# [TASK REQUIREMENTS]
Beginning with the line that holds "Internal Actors Statistics", write out each line exactly as it stands until the end of the data, and include no pictures.

*** DATA BELOW

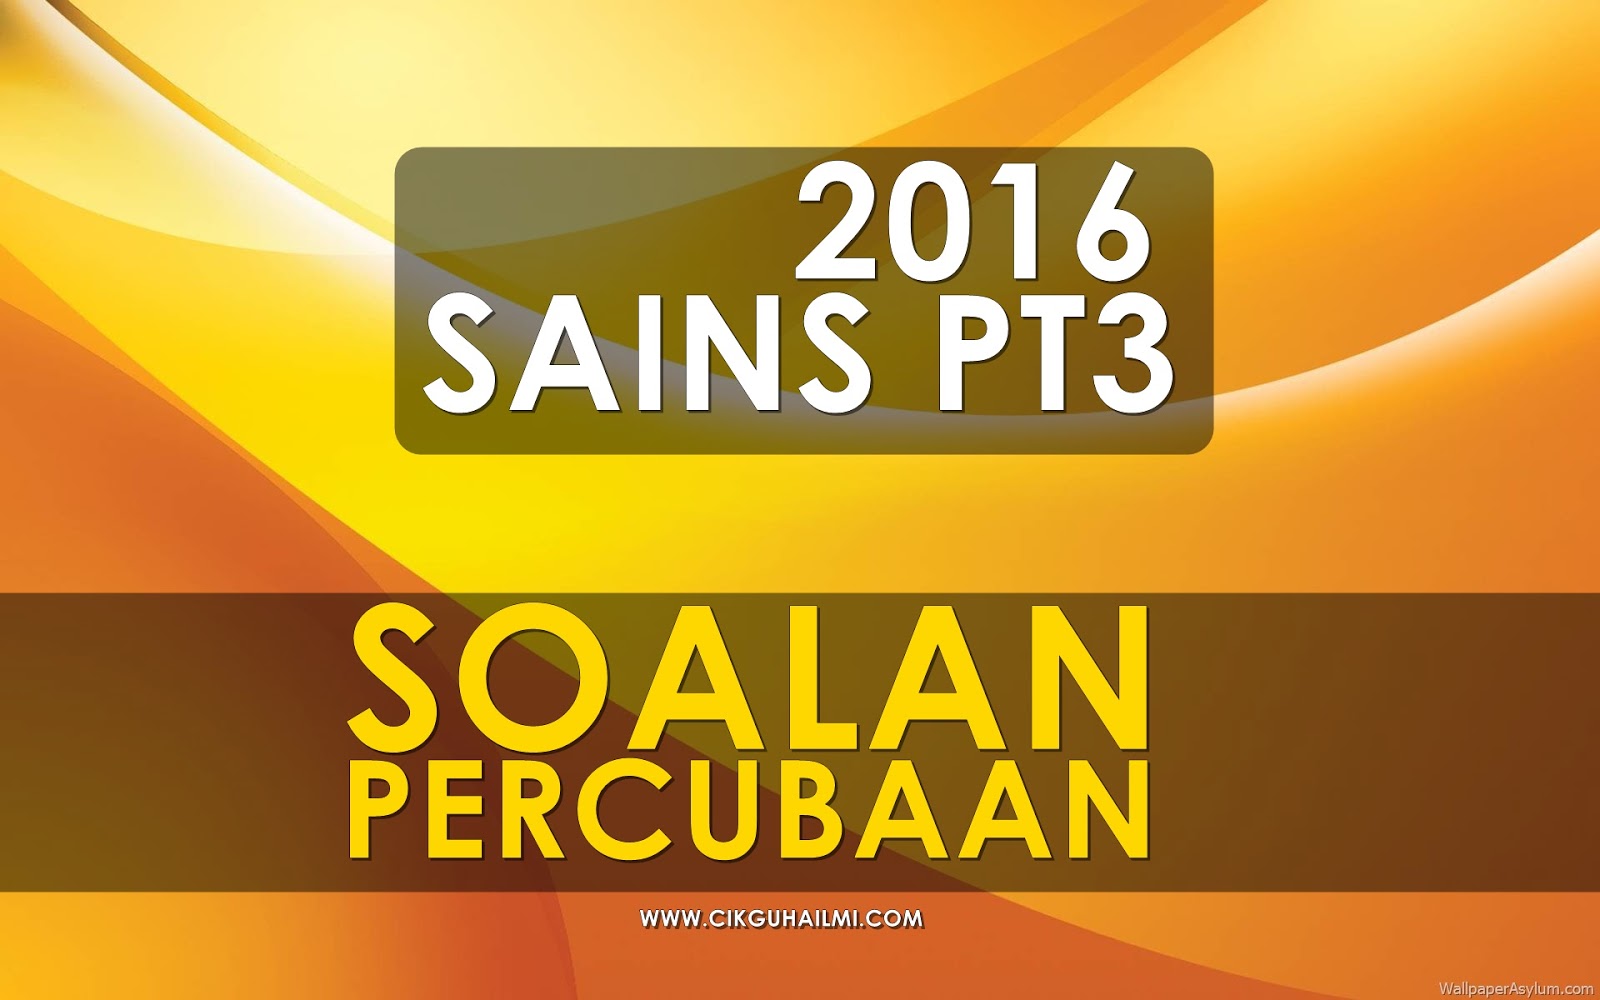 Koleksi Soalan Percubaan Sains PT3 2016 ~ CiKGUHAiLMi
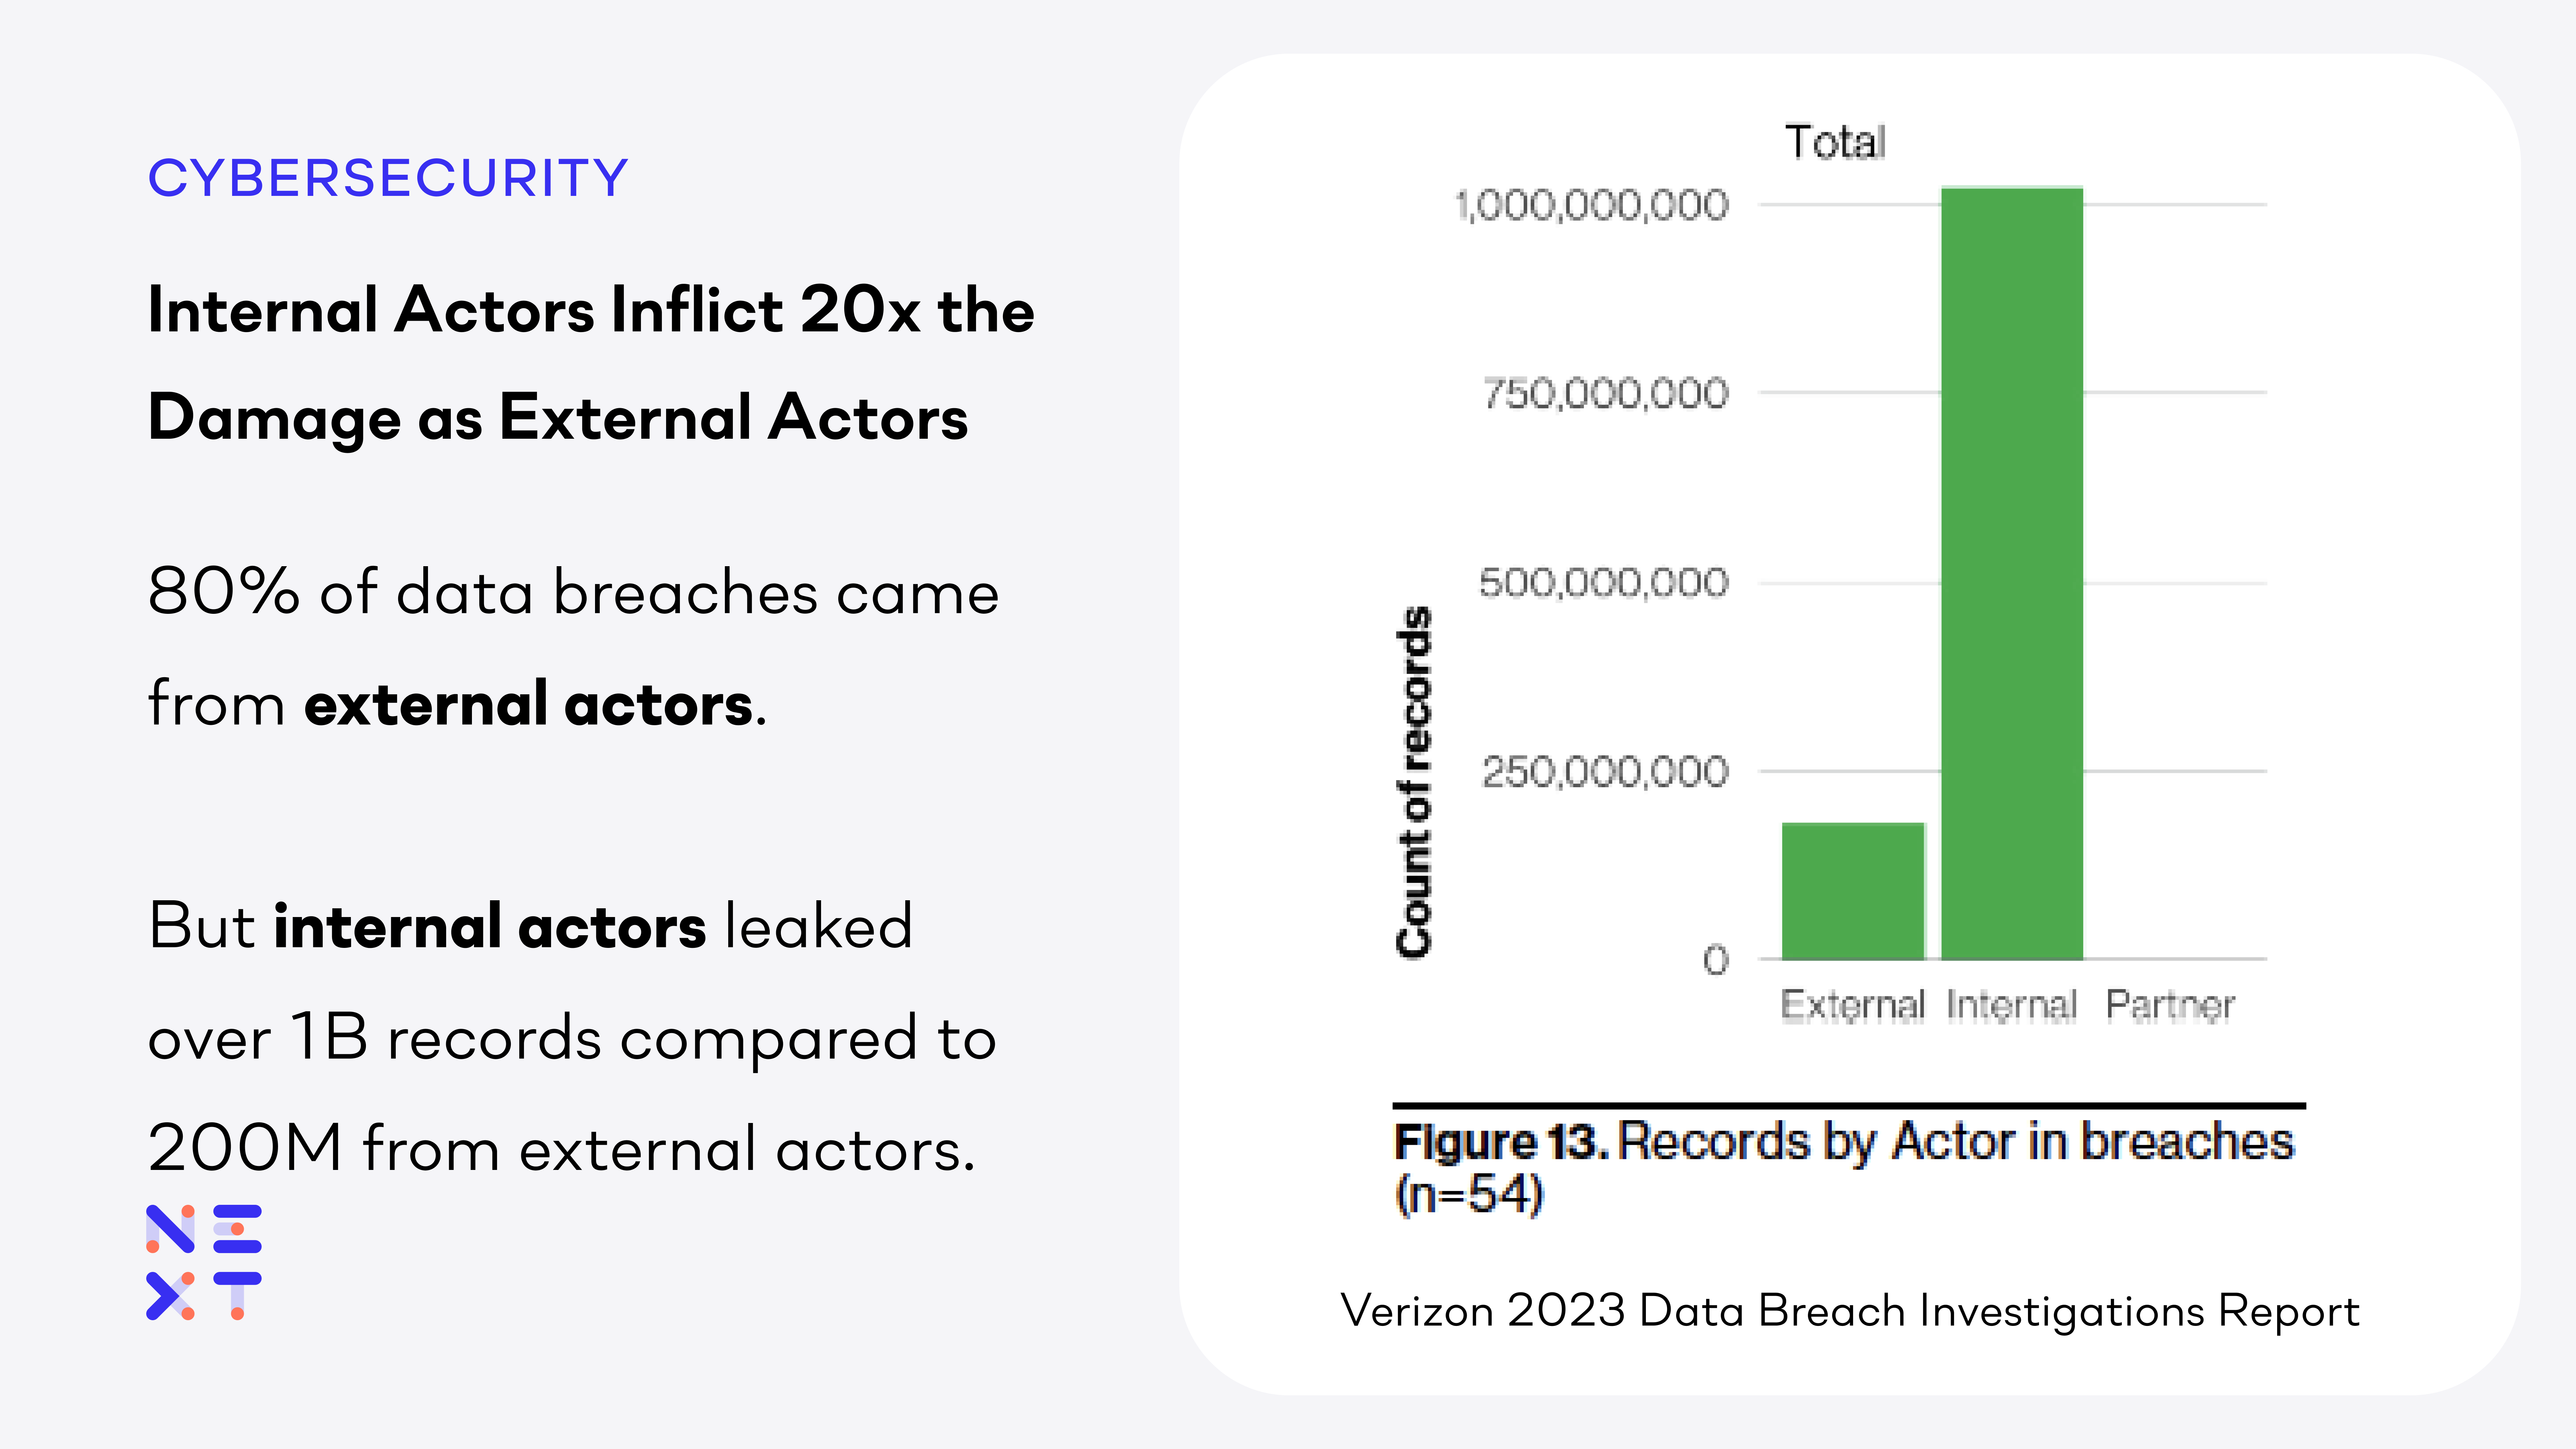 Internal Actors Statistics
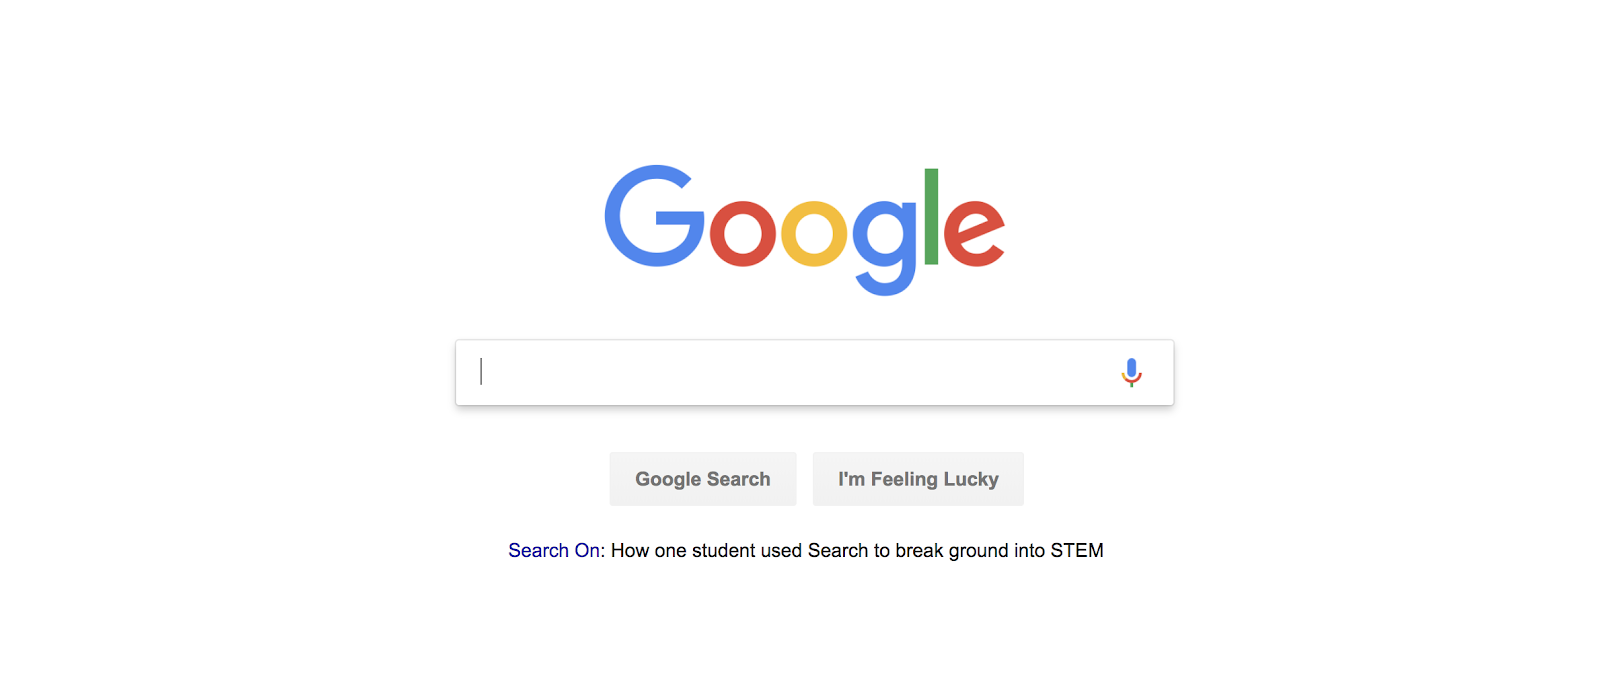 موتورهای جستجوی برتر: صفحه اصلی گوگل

******

# [ANSWER TO THIS PROBLEM]
 Internal Actors Statistics
 موتورهای جستجوی برتر: صفحه اصلی گوگل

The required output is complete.